Leon thought for a moment. “Japanese swordsman, right? Samurai?”
“Yeah. A ronin. A wandering samurai with no master. One of the guys at the bureau, Hector Freedman, was a history buff, did some shinkendo—that’s a Japanese sword-fighting style—and read all about Miyamoto Musashi. Apparently Musashi was only a decent swordsman, but then he disappeared into the wilderness for several years, and when he came back he was unstoppable. Nobody knows what happened to Musashi during that time, just like we don’t know what happened to Pelletier during his little self-imposed exile. He was into this and into that. One minute it was a counterfeit scheme that netted him a hundred grand, then it was a sizable drug deal that gave him two hundred more.

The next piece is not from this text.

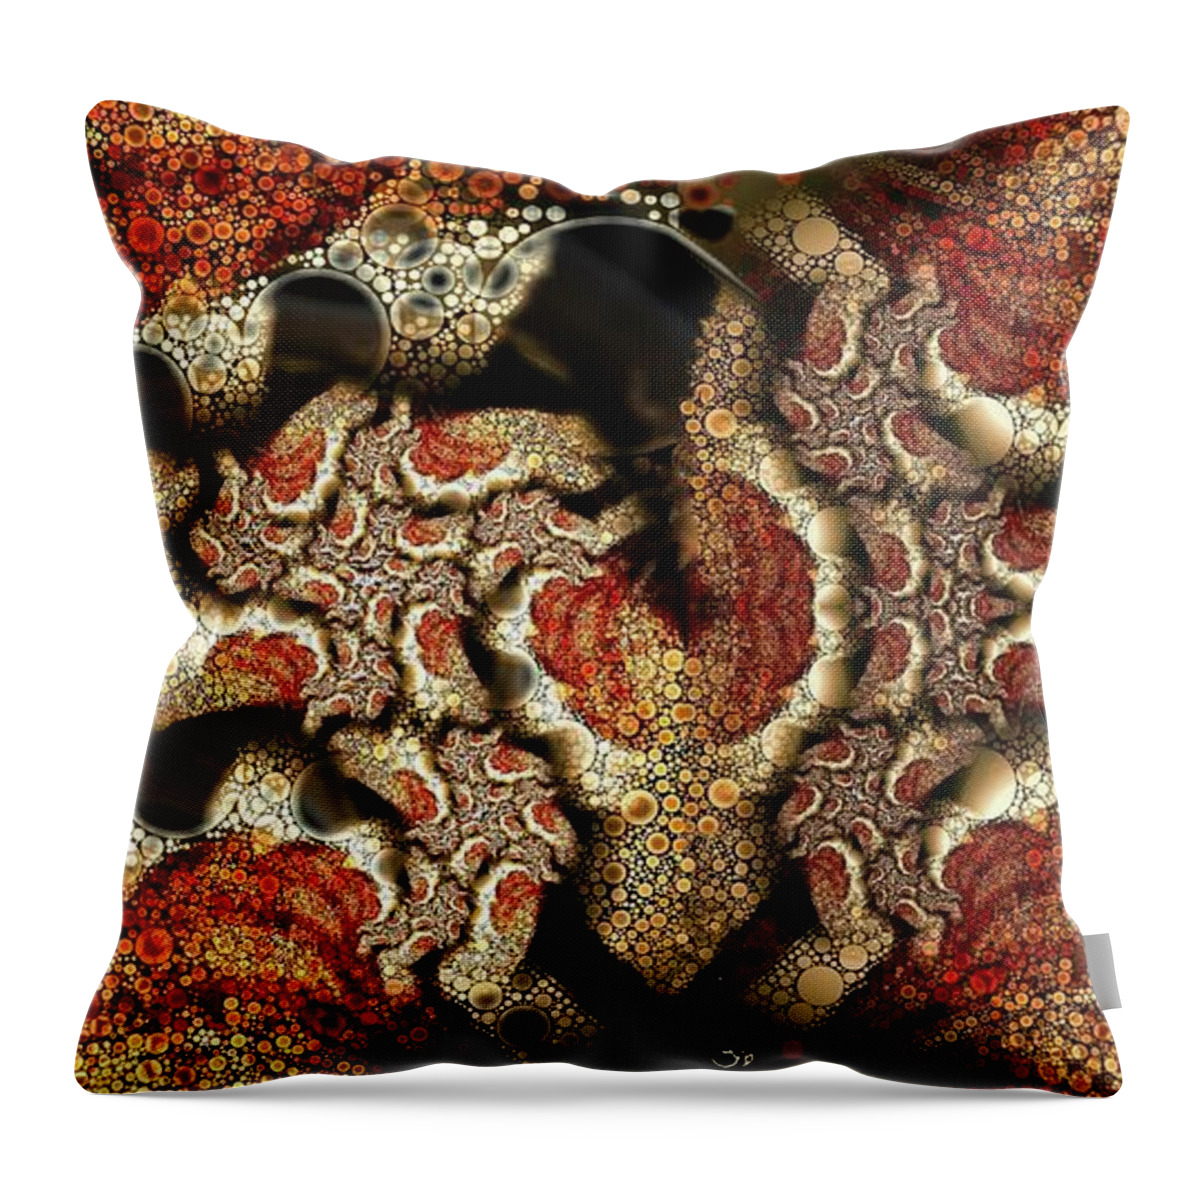 Abstract Throw Pillow featuring the digital art Embedded by Ron Bissett
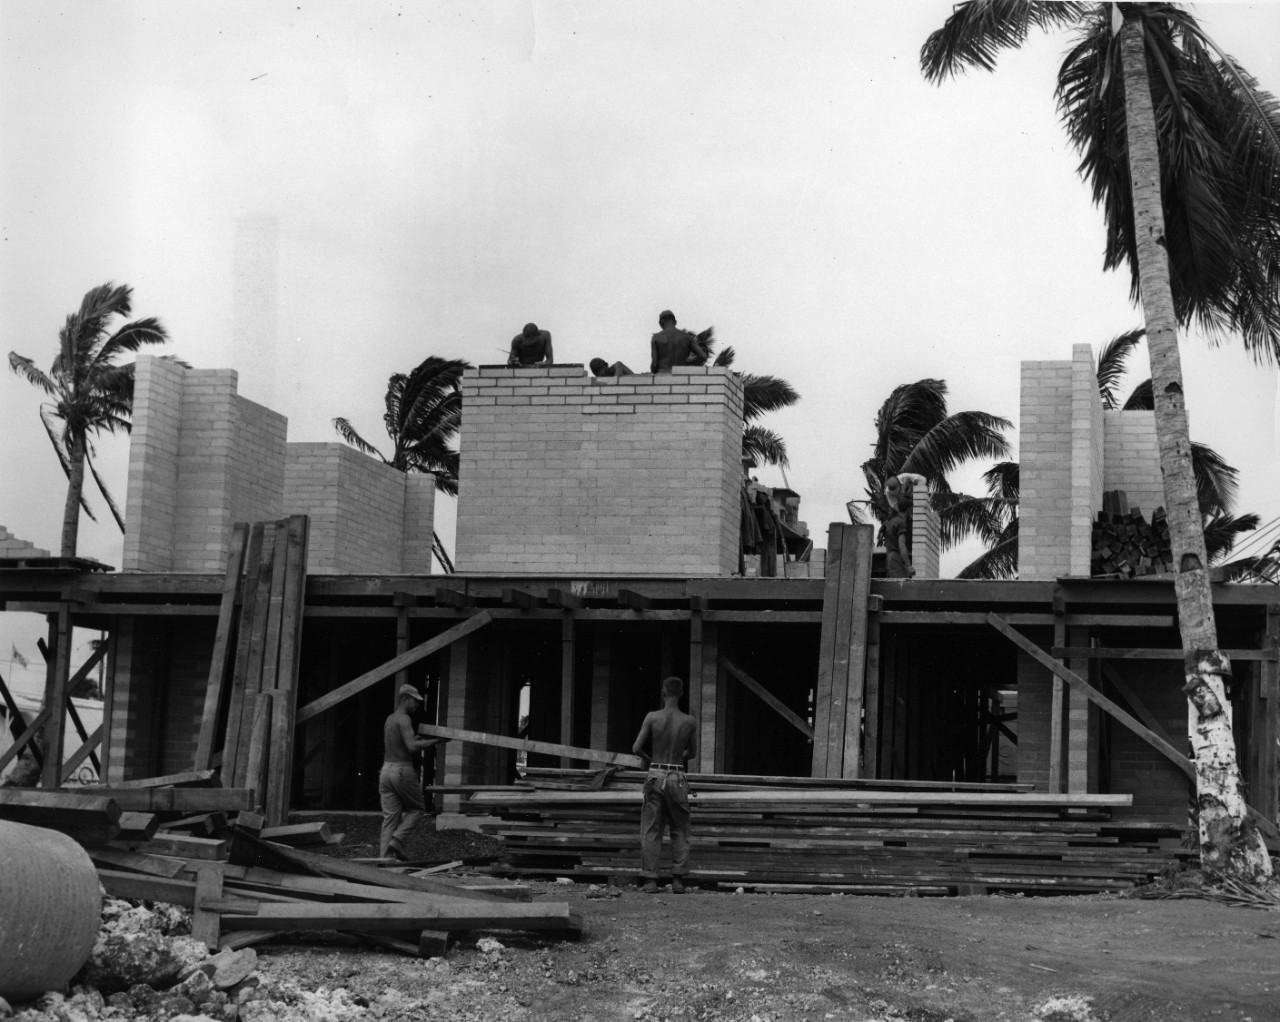 Up goes another housing unit on the Mariana Islands. This is one of many units being constructed at NAS by Mobile Construction Battalion 10 Seabees.

“Pelletier was all over the map with his scams. He’s one mercurial son of a bitch, this guy. Fickle. Changes his game constantly. The bureau f
irst picked up on him doing this scam where he created this website for men living secretly with homosexuality. He sent out fliers and shit. He got a few dozen responses. Pelletier pretended to be a conflicted young man looking for an older gay gentleman to show him the ropes. He would get replies from all over, everything from dirty old men living in log cabins and poring over the Internet for company, to some wealthier, established guys with families. He focused on the wealthy family men because they had more to lose by being exposed. He revealed who he was to them and started blackmailing them, threatening to expose their secret unless they paid X amount. Got away with this for a full year, made some good cash and then split when one of his victims finally got up enough guts to go to the police. FBI figured out who it was by tracking the IP addresses of the websites he created, finding where his base of operations was, which was some apartment building in Biloxi, and then getting a copy of his photo ID from the landlords and running his face through facial-recognition programs.
“Pelletier’s face was now in the FBI’s National Registry system. His face popped up all over the Bible Belt over the next two years in video surveillance—auto theft, mail-order scams, confidence scams, and some other shit. It wouldn’t be until after he escaped Leavenworth that we were able to work out a timeline that matched all of this activity perfectly with a series of murders committed throughout the southern U.S., with a couple up north.”
One of the ambulances was leaving with a load of three bodies in body bags. They had just closed up the back of the ambulance and blared their siren just once to tell a few cops to get out of their way. Leon and Agent Porter pressed up against a patrol car to let it pass. “Who were the victims?” he asked.